The supplement didn't stop there, though. The other side of the Scout coin in SF is colonization, and World Tamer's Handbook presented a campaign frame of colonists, a first in SF gaming generally, and for Traveller specifically. A model was provided that allowed players to determine the economic output of their colony based on decisions they made about allocating resources both infrastructure- and human-related, which they could then direct toward various improvements and maintenance - a true domain-level game at last. This also saw the return of the sandbox format for a Traveller campaign, which had largely dropped by the wayside during the late Traveller and most of the MegaTraveller eras in favor of the then-popular story-based format. In addition to whatever the Referee chose to throw at them to further the story, colonial administrators (the PCs, the rules assume) would experience various random events that provided story hooks related to administering a group of people in a colony. Sadly, this wasn't well implemented, as the events mostly were defined in terms of a single task roll to resolve them ("Crime Wave, succeed in a Difficult Investigation roll" or suffer some penalty, for example). Nonetheless, this was a great idea, but didn't see much support from the community of players, something that can really be said about most of Traveller: The New Era, unfortunately. Some general notes toward scaling the colonial model up to cover entire world governments were included, but the system becomes unwieldy at the higher end. This would lead to a different system for world-spanning empires later on, and I will probably discuss that campaign frame next time.
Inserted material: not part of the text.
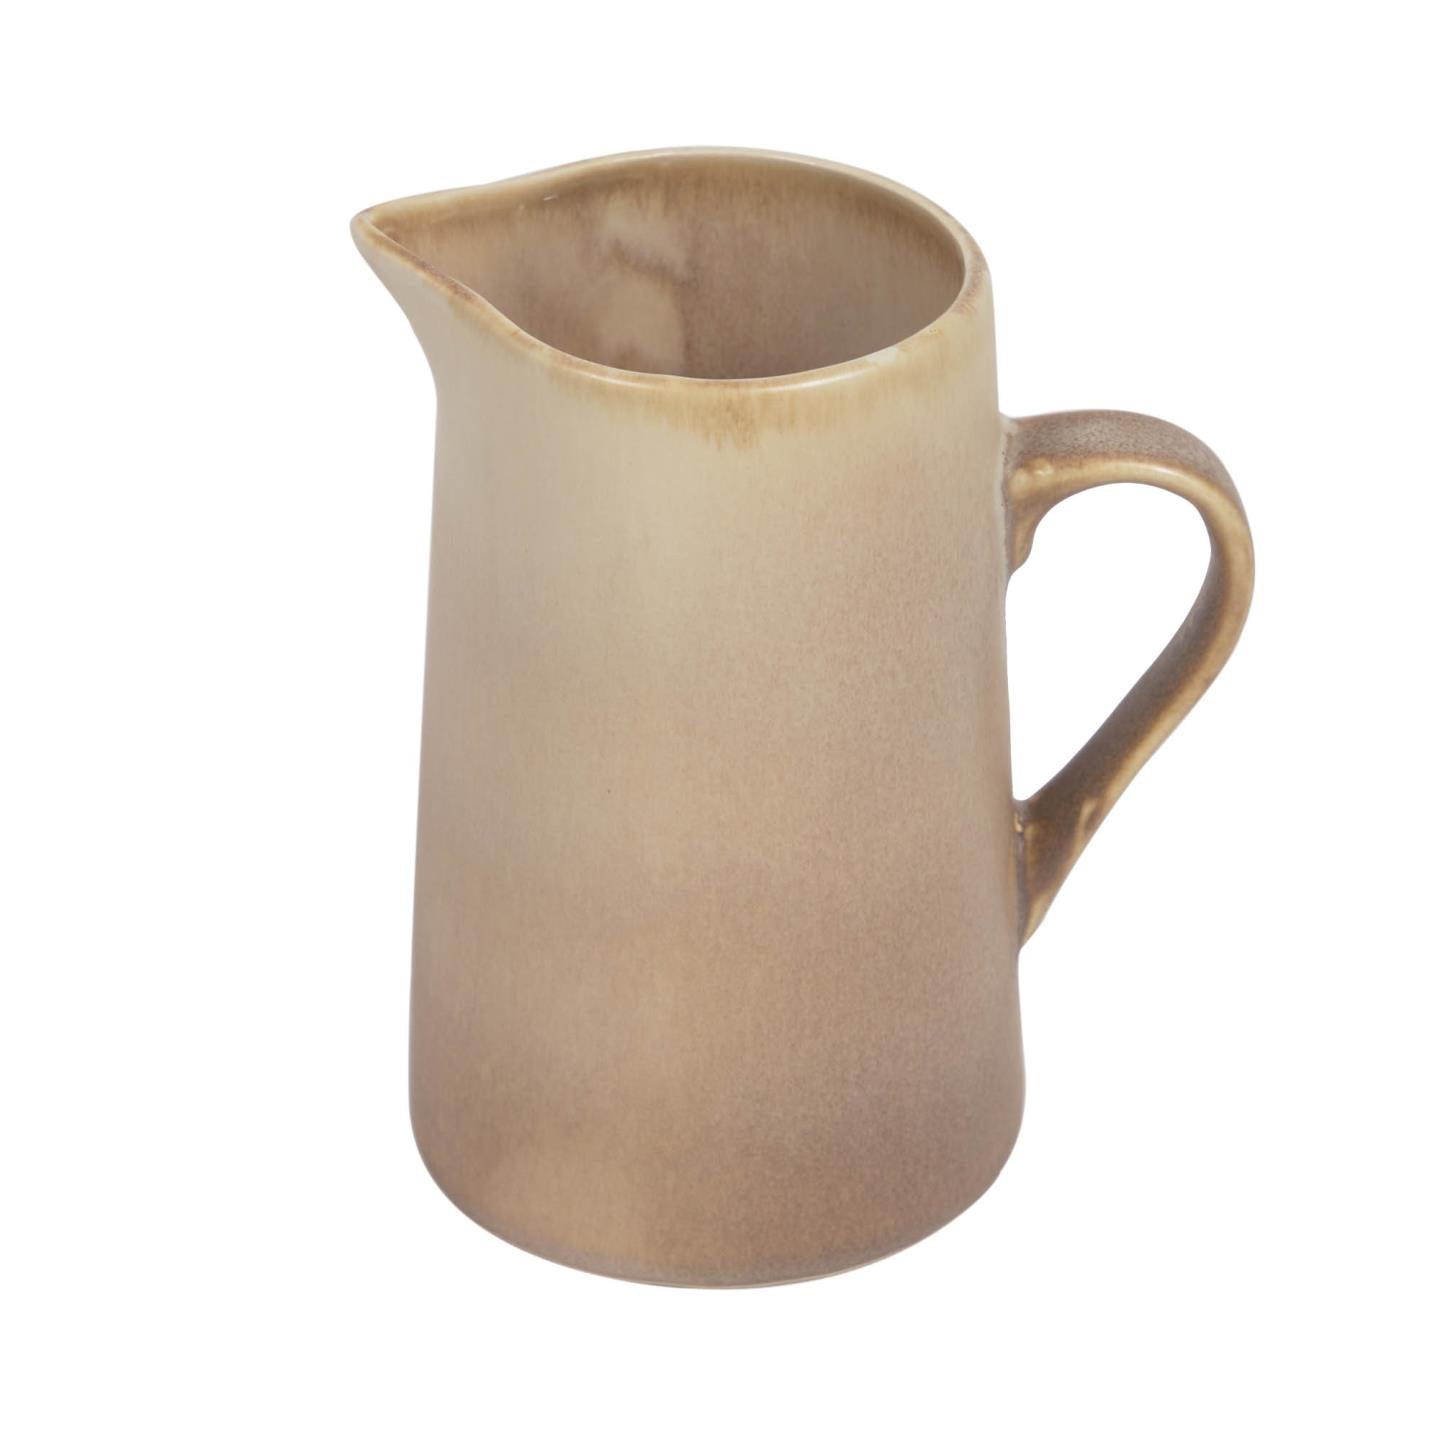 Vreni ceramic milk jug in beige

When Steve Jackson Games picked up a license to produce a Traveller edition using their GURPS rules, one of the supplementary books they produced was GURPS Traveller: First In. First In gave the GT version of Scout activities, including, in addition to the expected detailed world generation system, a set of rules for surveying a system. As is the case with most of the GT materials, though, these tools were provided with no real guidance as to what to do with them. A decent GM could certainly take them and turn them into tools for adventurous games or even campaigns, of course, but no such framework was explicitly provided. In a nice turn, there were a number of optional rules included, ranging from minor to as radical for the Traveller game as incorporating 3D star mapping instead of the traditional parsec-wide-hex based 2D sector/subsector system. The designer's notes for that supplement, available for free on the SJG site, give more detail still toward a game using 3D star maps, including discussion of possible changes to the Jump Drive and so on. I should add at this point that if you have any interest in the GURPS Traveller line at all, you should hurry up and get the PDFs, as SJG's license to sell that edition expires at the end of this year, and they will not be renewing it. After that point, they will not be selling GT materials, not even the PDFs.